It’s only the credit derivative guys in the Computerworld UK article that had this P&L and Risk batch performance problem in 2008 and now it is fixed?
B. Moore’s Law
More of a prediction than a law really, but it has predicted accurately for 40 years and is expected to hold for another decade. In technology if you do nothing more than “ride the wave” of Moore’s Law you are doing good, however, this observation’s simplicity can be deceiving. If the plan is for the credit derivative batch to “ride the wave” with thousands of grid CPUs, FPGAs, and associated staff you may have a challenge when scaling to larger problems, like counterparty valuation adjustment (CVA), that Moore’s Law will not automatically address for you. For example, Moore’s Law doesn’t get you power and machine room space for 10,000 grid CPUs for the CVA simulation. That is closer to “not riding the wave.”
C. Simplicity
Supercomputers and FPGAs, in addition to GPUs, Cuda, and CPU grids even dataflow architecture are all reasonable technology bets that could very well be the best way to ride the Moore’s Law wave through 2020. Using some or all of these technologies together in 2011 to run such a modest computation so slowly should elicit some follow up questions.
So, a major broker-dealer gets a 2011 industry award for running their overnight Risk and P&L credit derivative batch though a 1000 node CPU grid and some FPGAs in 238 seconds (in 2008 the same computation and same broker-dealer but presumably different CDS inventory took 8 hours, a great success). Then some blog posting claims that this same credit derivative batch could be run with some optimized C++ code on a $2500 Mac Pro in under 2 seconds IEEE 754 double precision tied out to the precision of the inputs. What’s going on? Does the credit derivative batch require a $1,000,000 CPU grid, FPGAs, and 238 seconds or one $2,500 MacPro, some optimized code, and 2 seconds?

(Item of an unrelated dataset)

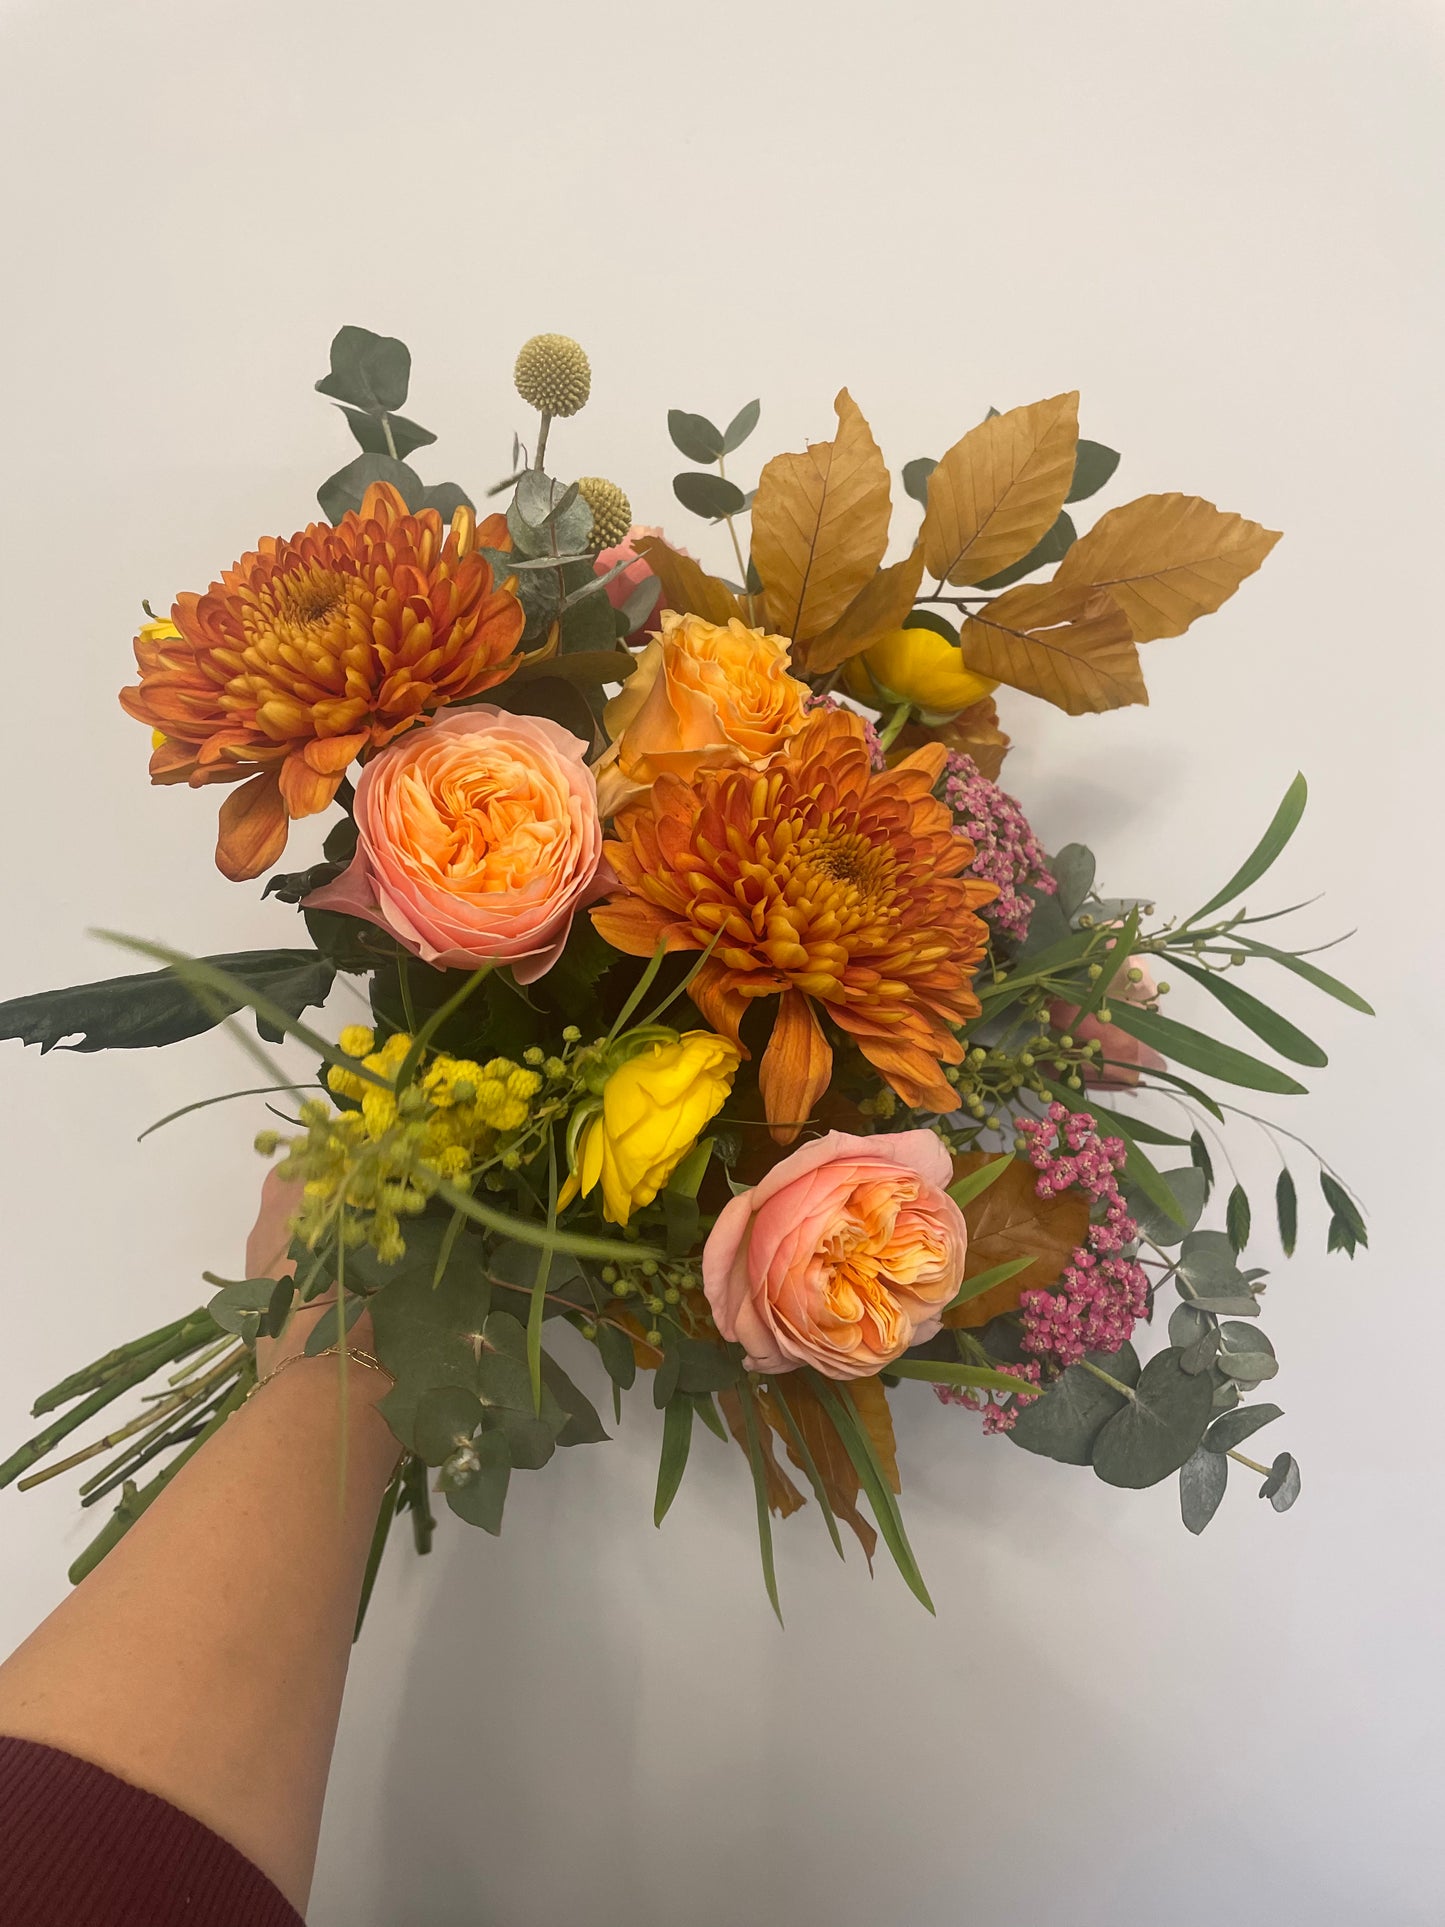 Monthly subscription flowers

It’s the MacPro + 2 seconds very likely, let’s think how this could be wrong:
A. The disclosed data is materially wrong or we have misinterpreted it egregiously. The unusual event in all this is the public disclosure of the broker-dealer’s runtime experience and the code they were running. It is exceedingly rare to see such a public disclosure. That said, the 8 hour production credit derivative batch at a broker-dealer in 2008 is not the least-bit surprising. The disclosure itself tells you the production code was once bloated enough to be optimized from 8 hours to 4 minutes. You think they nailed the code optimization on an absolute basis when the 4 minutes result was enough to get a 2011 industry award, really? The part about the production infrastructure being a supercomputer with thousands of grid CPUs and FPGAs, while consistent with other production processes we have seen and heard of running on the Street, is the part you really have to hope is not true.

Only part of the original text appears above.